Fans of Lois Lowry’s dystopian novel, The Giver, will absolutely enjoy watching this film, because the movie not only gives a vast array of visuals, but also takes liberties in expanding much of the literature. The film’s first 30 minutes are spent on introducing a sterile and colorless world–one rebuilt upon the ashes of complete and utter destruction. The main character, Jonas, played by Brenton Thwaite, is coming-of-age, and is chosen by grand ceremony to become The Receiver of memory. The only problem is, because he lives in a world void of emotions and suffering, he isn’t considerably prepared for the duties involved in receiving memories–one of which, is the memory of pain. After some time spent receiving memories, Jonas begins to question society and see past its seemingly safe establishment. Kind of like growing up, right?

The Giver seems to have a solid grasp on the core story and the visuals, but what it lacks are the things that made the novel truly powerful. I believe the movie was so caught up on providing the beauty of life that it failed to balance that out with the things that made it ugly.

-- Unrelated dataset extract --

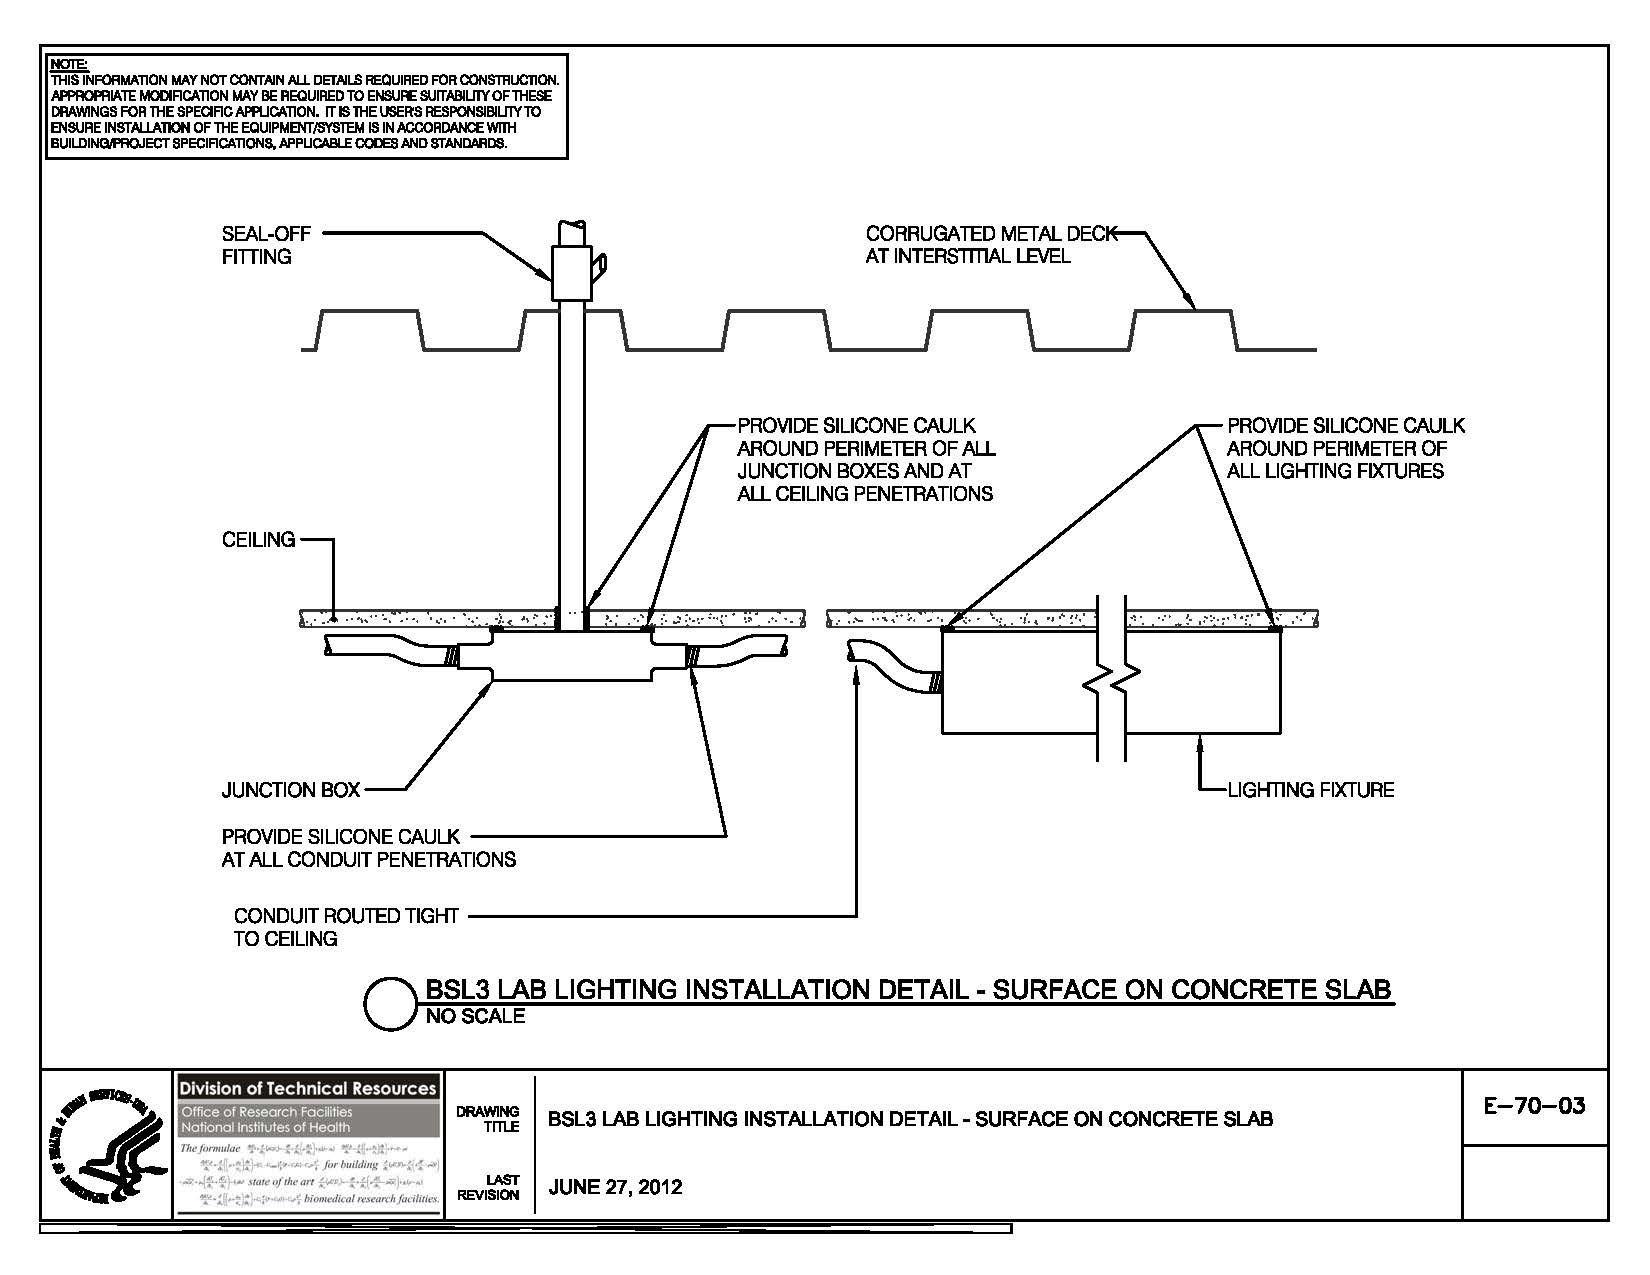 4 Wire Rtd Wiring Diagram Rtd Wiring Diagram New Popular 4 Wire Rtd Wiring Diagram Uptuto Of 4 Wire Rtd Wiring Diagram

Jonas learned that the people of the community were blissfully unaware of the shackles imposed on their society, the apparent lack (and knowledge) of free will (or even privacy), and he knew they have no idea what it meant to truly live life. The internal struggle he had with himself in the novel was lacking in the film, and it truly trims down the depth of his character. However, none of this takes away from the fact that the movie is visually appealing. If you’re a fan of The Giver, quit waiting and head out to the nearest theater. It’s worth the wait.